A new study, published in the August 1 issue of JAMA, found that patients with chronic heart failure had modest reductions in symptoms of depression after 12 months of participating in exercise training, compared with usual care.

According to background information in the article, “An estimated 5 million people in the United Stated have heart failure, and more than 500,000 new cases are diagnosed annually.”

Clinical depression often exists with other illnesses. It affects 40 percent of patients with heart failure with about 75 percent reporting elevated depressive symptoms. In many cardiac patients, depression is associated with worse clinical outcomes.

The authors said:

“Some evidence suggests that aerobic exercise may reduce depressive symptoms, but to our knowledge the effects of exercise on depression in patients with heart failure have not been evaluated.”

The research was conducted by James A. Blumenthal, Ph.D., of Duke University Medical Center, and colleagues in order to assess the effects of exercise on symptoms of depression and to decide whether reduced symptoms had an impact on improved clinical outcomes.
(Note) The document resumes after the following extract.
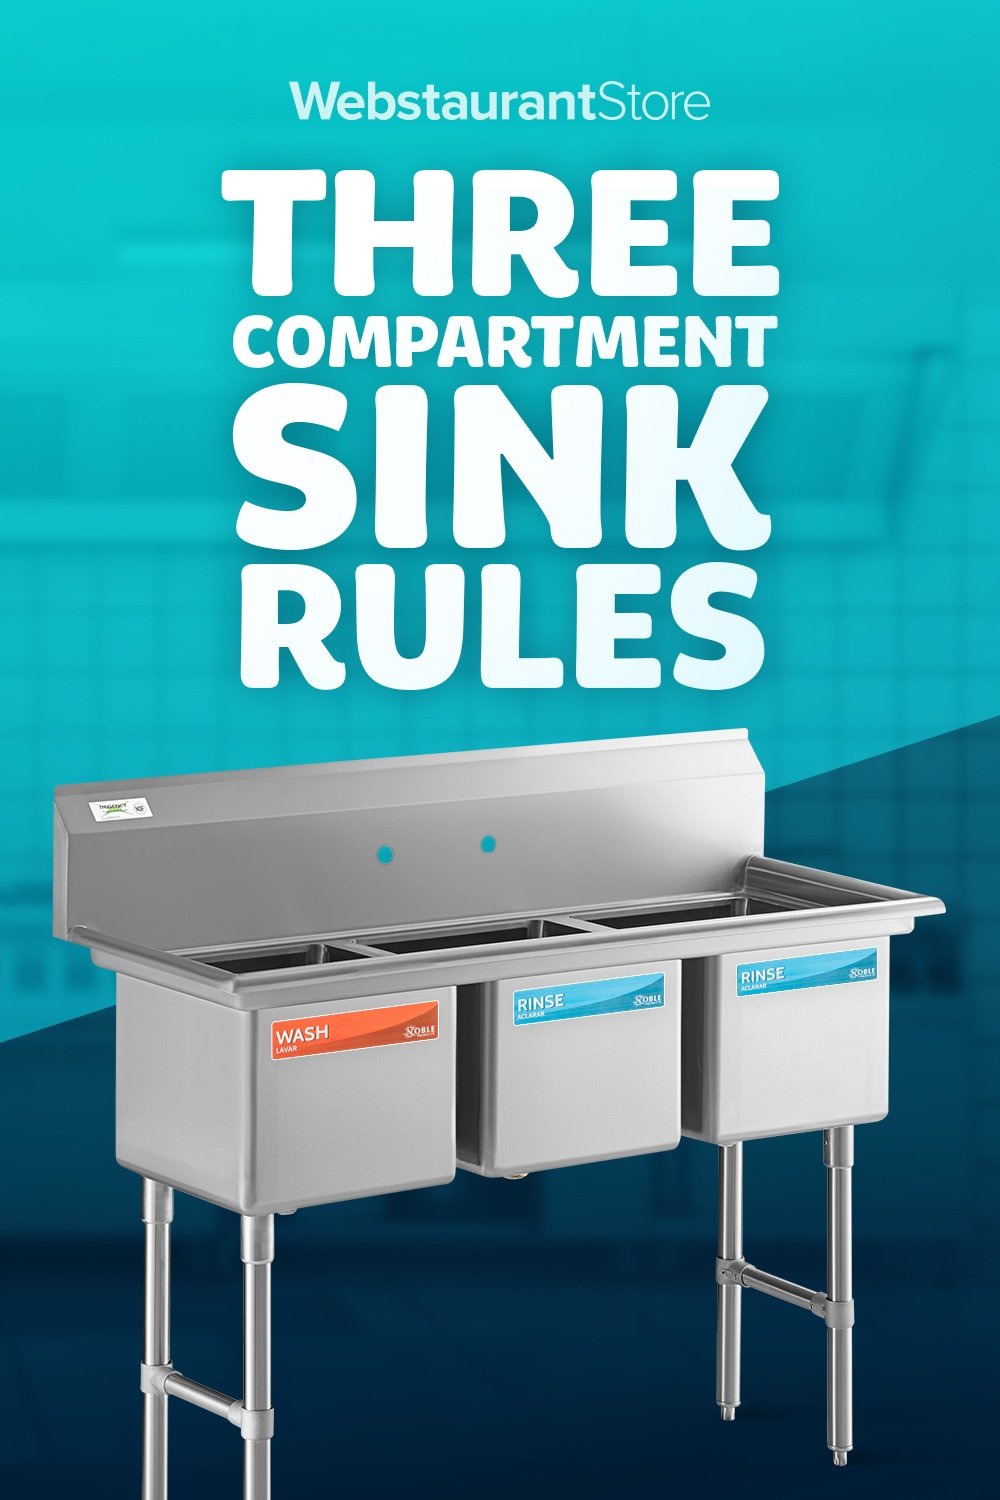 Which activity is not allowed in a 3 compartment sink

2,322 stable patients that were being treated for heart failure at 82 different medical centers in the U.S., Canada, and France participated in the randomized control trial. The experts measured the patients’ depressive symptoms by a questionnaire (Beck Depression Inventory II- BDI-II). The range of depressive scores was 0-59; scores of 14 or higher are thought of as clinically significant. The patients were chosen randomly to receive either supervised aerobic exercise (goal of 90 min/week for months 1-3 followed by home exercise with a goal of greater than or equal to 120 min/week for months 4-12) or to education and usual guideline-based heart failure care.
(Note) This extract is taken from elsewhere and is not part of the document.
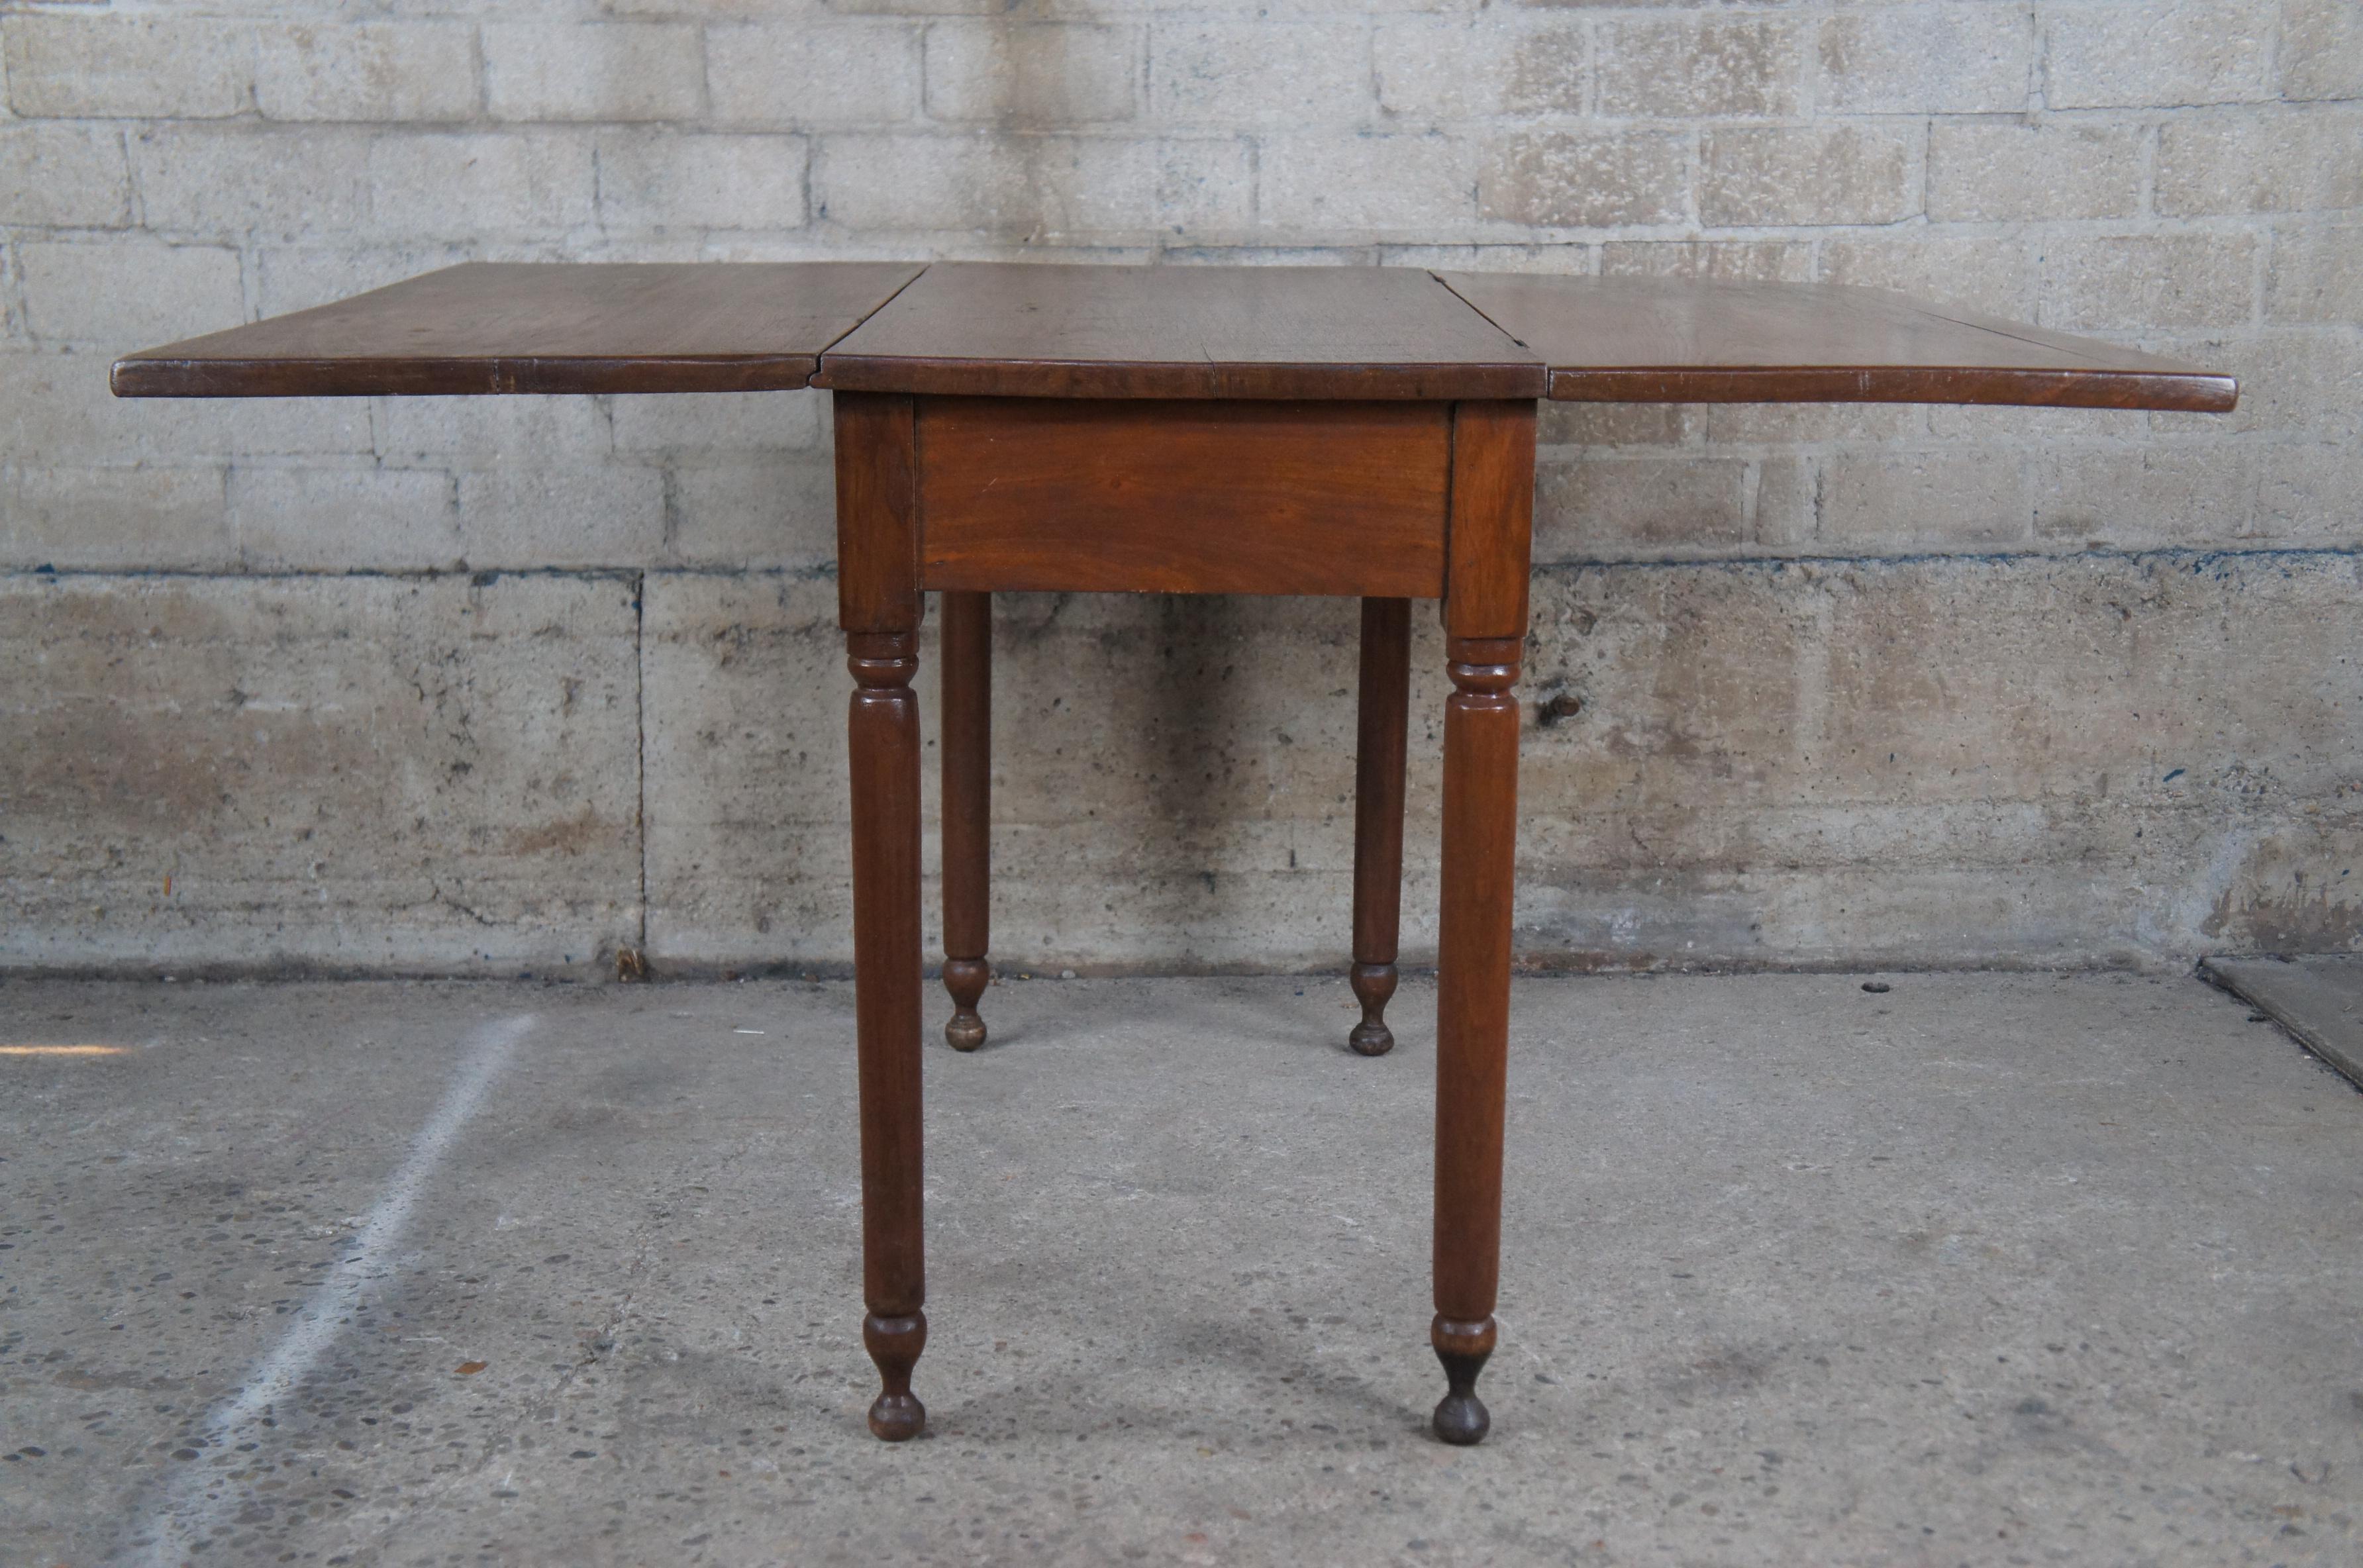 Antique Early American Walnut Drop Leaf Farmhouse Dining Table Entry Console 41

The median BDI-II score at the beginning of the study was 8; 28 percent of the sample had BDI-II scores of 14 or higher. All 2,322 patients had depression scores available at study entry, 2019 at the third month and 1,738 at the twelfth month. Observations showed that the adjusted 3-month BDI-II average score was 8.95 for the exercise group and 9.70 for usual care (a -.76 difference). At the twelfth month, the adjusted BDI-II score was 8.86 for the exercise group and 9.54 for usual guideline-based care (a -.68 difference).

While observing the subset of participants with clinically significant depressive symptoms, the researchers saw similar results (baseline BDI-II scores >14), with BDI-11 scores at the third and twelfth months lower for patients who participated in the aerobic exercise than for those in usual care group.

The participants that were placed in the aerobic exercise group reported greater adherence to the exercise prescription and achieved larger reductions in depressive symptoms, even though the absolute reduction was small.

Results also showed that elevated depressive symptoms were associated with more than a 20 percent increase in risk for hospitalizations and all-cause mortality. This increased risk was separate from antidepressant use and introduced risk factors in patients with heart failure, such as the patient’s age and the severity of the disease.